Wrapped who? Visualizing my Spotify Data in Tableau

Author

Elke Windschitl

Published

December 4, 2023

Description: Here I show the broad steps I took in Tableau to visualize my Spotify listening history in 2021/2022.

Introduction:

Who needs Spotify Wrapped when you can access your own data any time you’d like? Spotify lets users not only download a year’s worth of their own listening history through their download portal, but also pair that data with additional information in their API if so desired. In September of 2022, I decided to do the former and request a full year of my streaming history. Here, I showcase the broad steps I took to quickly wrangle the .json file in R then visualize my data in Tableau.

Methods:

I started by wrangling my data in R. I wanted to get the .json file to a .csv for ease of use in Tableau. First, though, I load a few libraries to help. dplyr helps with tidying data. jsonlite is how I read the .json file and convert to tabular. lubridate allows me to clean date-time data, and kableExtra is how I make my tables here.

Getting started in R

# Load necessary libraries
library(dplyr)
library(jsonlite)
library(lubridate)
library(kableExtra)

I pull in the first sheet of two that I received and flatten to a data frame.

#data_dir <- "set/data/dir"

# Read in the first JSON file as a data frame using the jsonlite package
music_data1 <- jsonlite::fromJSON(file.path(data_dir, "MyData/StreamingHistory0.json"), flatten = TRUE)
class(music_data1)

[1] "data.frame"

music_data1 %>% slice(9996:10000) %>% kable()

endTime	artistName	trackName	msPlayed
2022-07-08 00:45	John Vincent III	Next to You	256520
2022-07-08 00:48	Edwin Raphael	Isle of Strawberries	216370
2022-07-08 00:52	Bon Iver	Hey, Ma	216706
2022-07-08 00:56	Valley Maker	No One Is Missing	243718
2022-07-08 01:00	Vance Joy	Mess Is Mine	223640

I do the same with the second file.

# Read in the second JSON file as a data frame using the jsonlite package
music_data2 <- jsonlite::fromJSON(file.path(data_dir, "MyData/StreamingHistory1.json"), flatten = TRUE)
class(music_data2)

[1] "data.frame"

music_data2 %>% slice(1:5) %>% kable()

endTime	artistName	trackName	msPlayed
2022-07-08 01:08	Caiola	Alaska	225378
2022-07-08 01:08	Ashe	Moral of the Story	1343
2022-07-08 01:08	Runah	Strange	14855
2022-07-08 01:12	Filippin	Disgrace	3598
2022-07-08 01:12	alt-J	Something Good	217320

I combine the two data frames with an rbind, change the time from character to date-time for an estimate of when the song was played, then export to csv!

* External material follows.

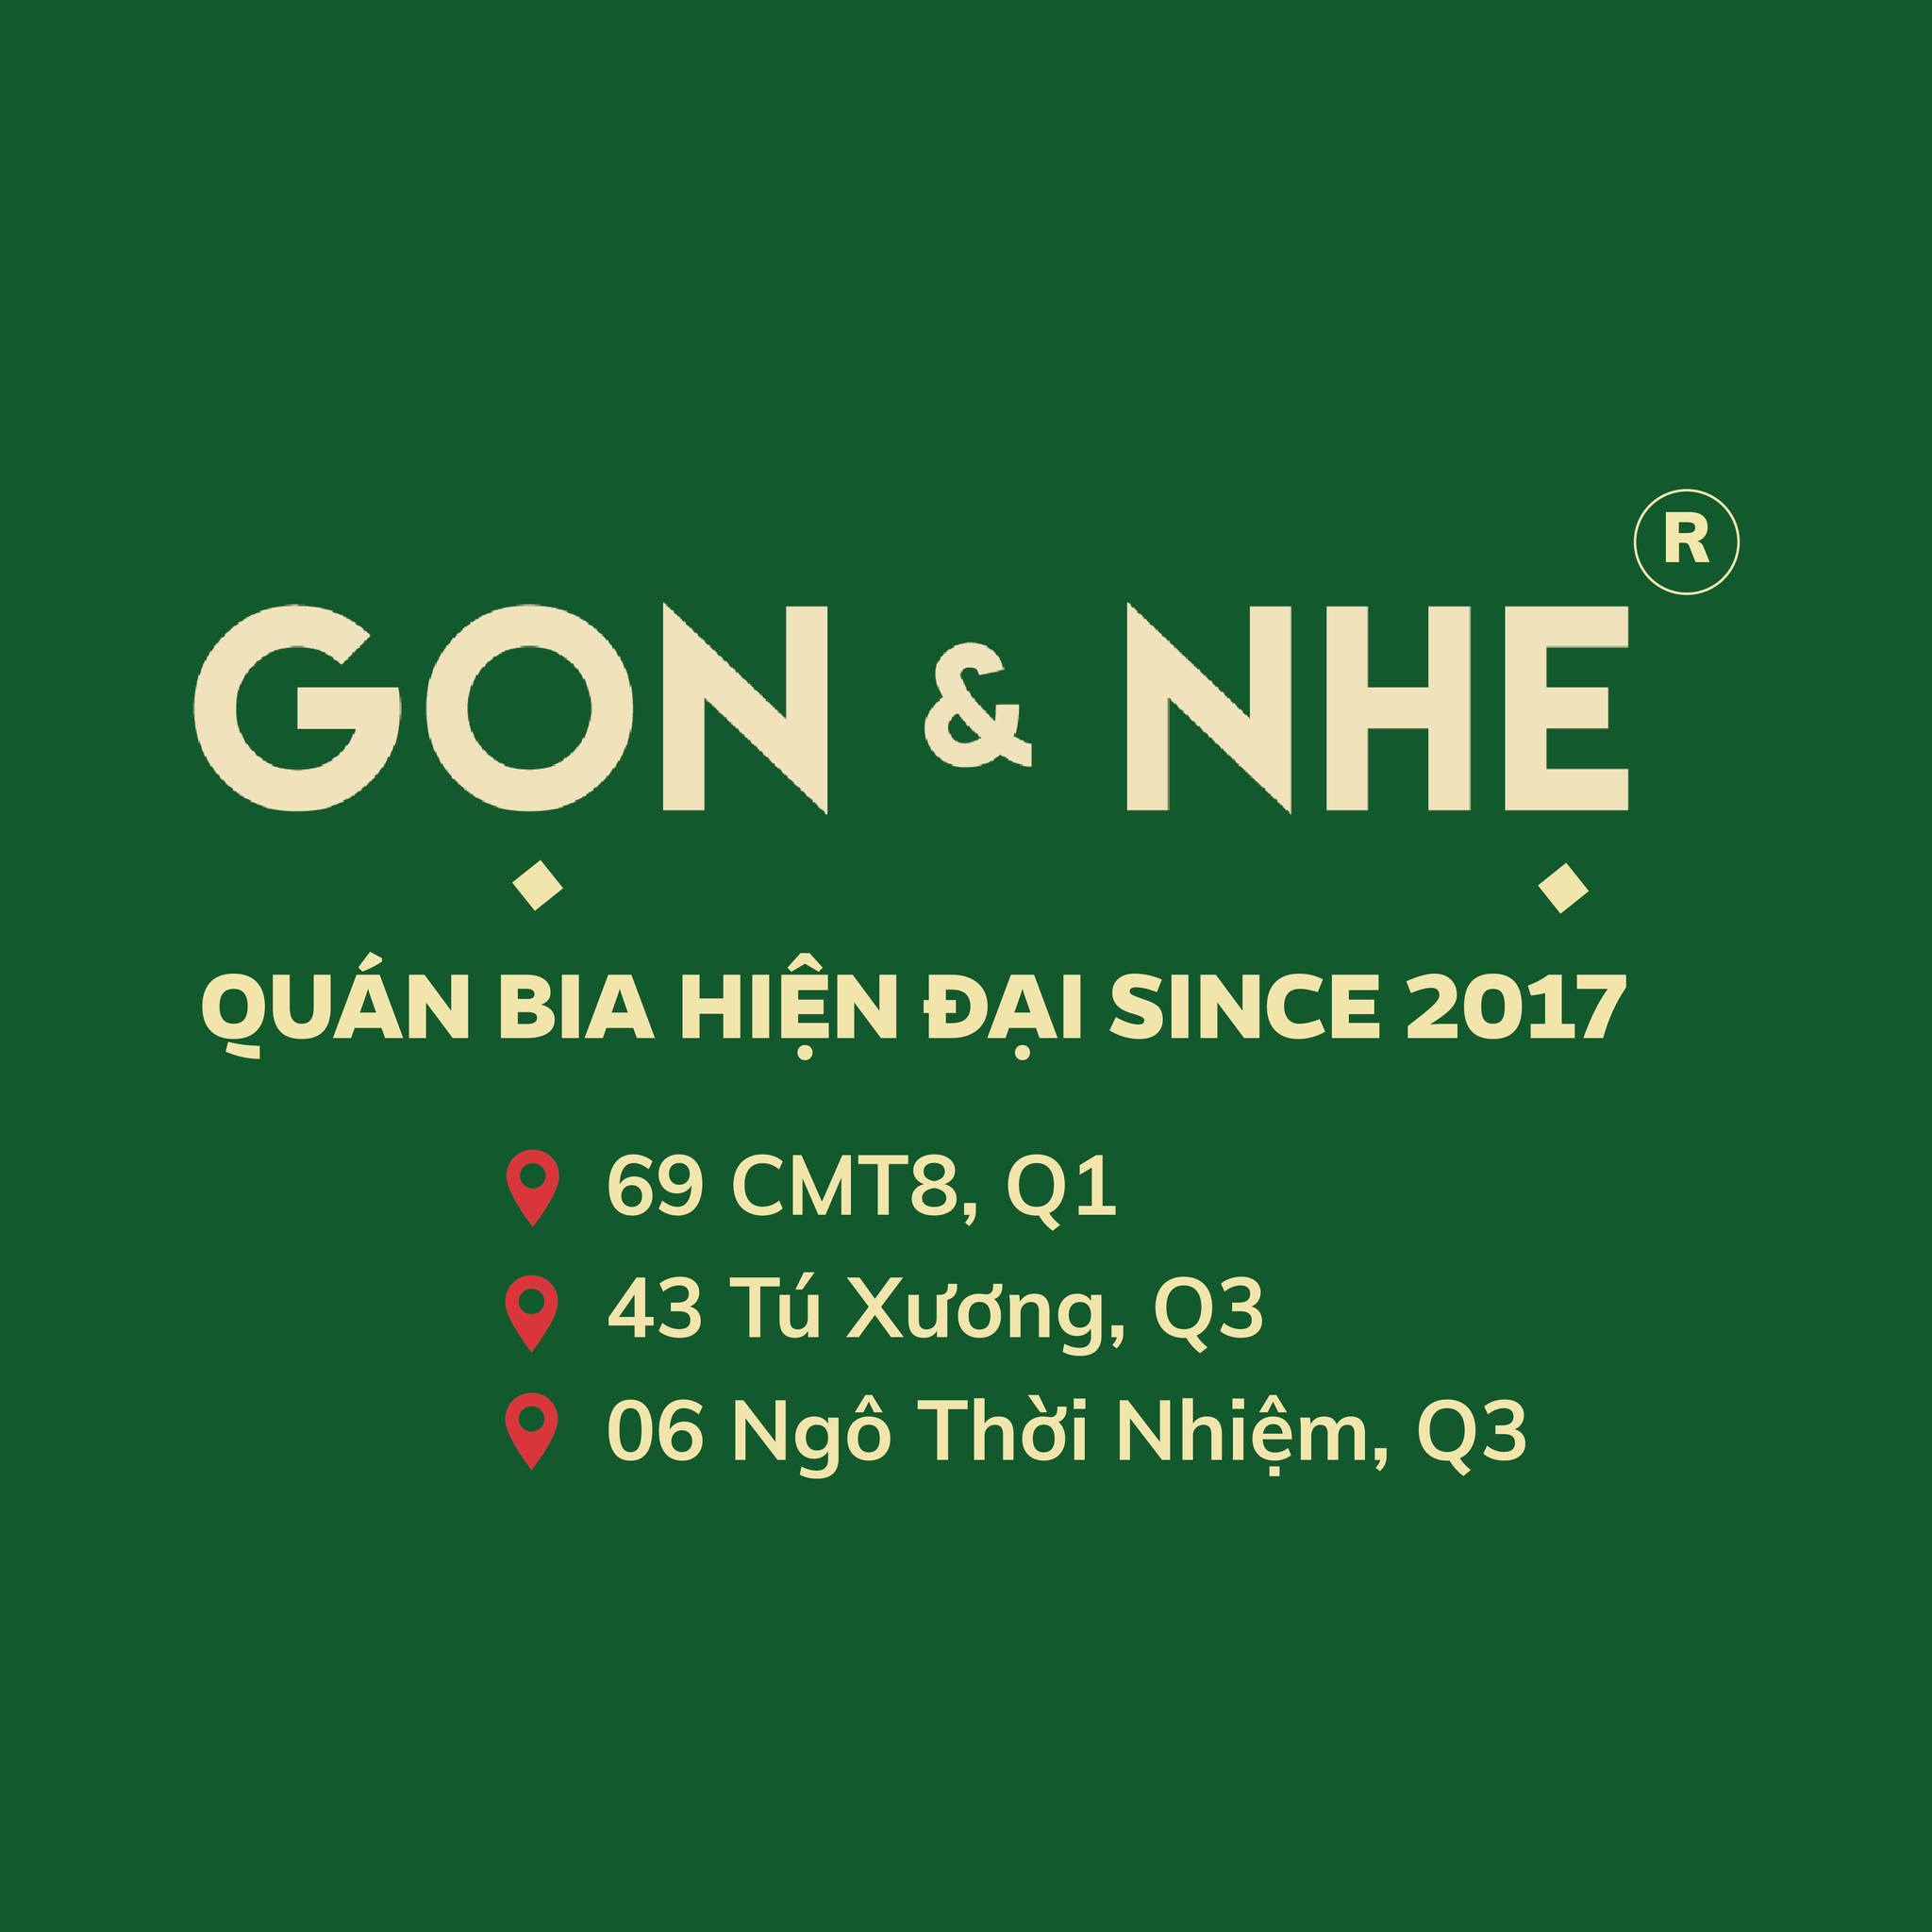 Top 40 danh sách các món ngon ngày Tết Việt Nam 3 miền (phần 1)

You might notice below that there are additional fields in Tableau. These are fields that came from the API that I joined to my streaming data. Because I don’t actually use that in my visualization, I don’t show those steps here.

# Combine the two data frames
music_dat <- rbind(music_data1, music_data2) %>%
  # Change endTime from character to date-time
  mutate(endTime = (lubridate::ymd_hm(endTime)))

# Write
#write_csv(music_dat file.path(data_dir, "MyData/joined_dat.csv"))

Moving to Tableau

Great! Now I have a clean and easy to use data set. I could keep analyzing and visualizing in R, but Tableau makes data visualization super quick and easy. While it is less reproducible, it is fun to explore the data with Tableau in a point-and-click manner.

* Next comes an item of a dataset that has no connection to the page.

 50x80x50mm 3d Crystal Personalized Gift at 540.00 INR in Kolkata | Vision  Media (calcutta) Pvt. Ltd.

To start I load the data as a .csv into Tableau.

I start a workbook and explore how much time by minutes played I spent listenening to each artist. I sort by minutes played.

I filter to only show the top 10 artists by minutes played.

I thought it would be fun to add individual songs to the plot which is interactive in Tableau. I add Track Name as a color and annotate my most-streamed song by minutes played.

I start a second workbook and explore my minutes played throughout the year by artist.

To simplify the plot, I filter to only my top three artists by minutes played.

This is still a bit chaotic, so I aggregate to show minutes played per week of my top three artists.

I was curious about some of these peaks. I searched the release dates of albums and singles I knew were released within this time frame. I added those dates as parameters and then added the parameters as reference lines. I am definitely a binge-listener, so some of these peaks make a lot of sense.

At this point, I am happy with these two plots! I add them together in a dashboard.

Results:

Here are the final results of my work!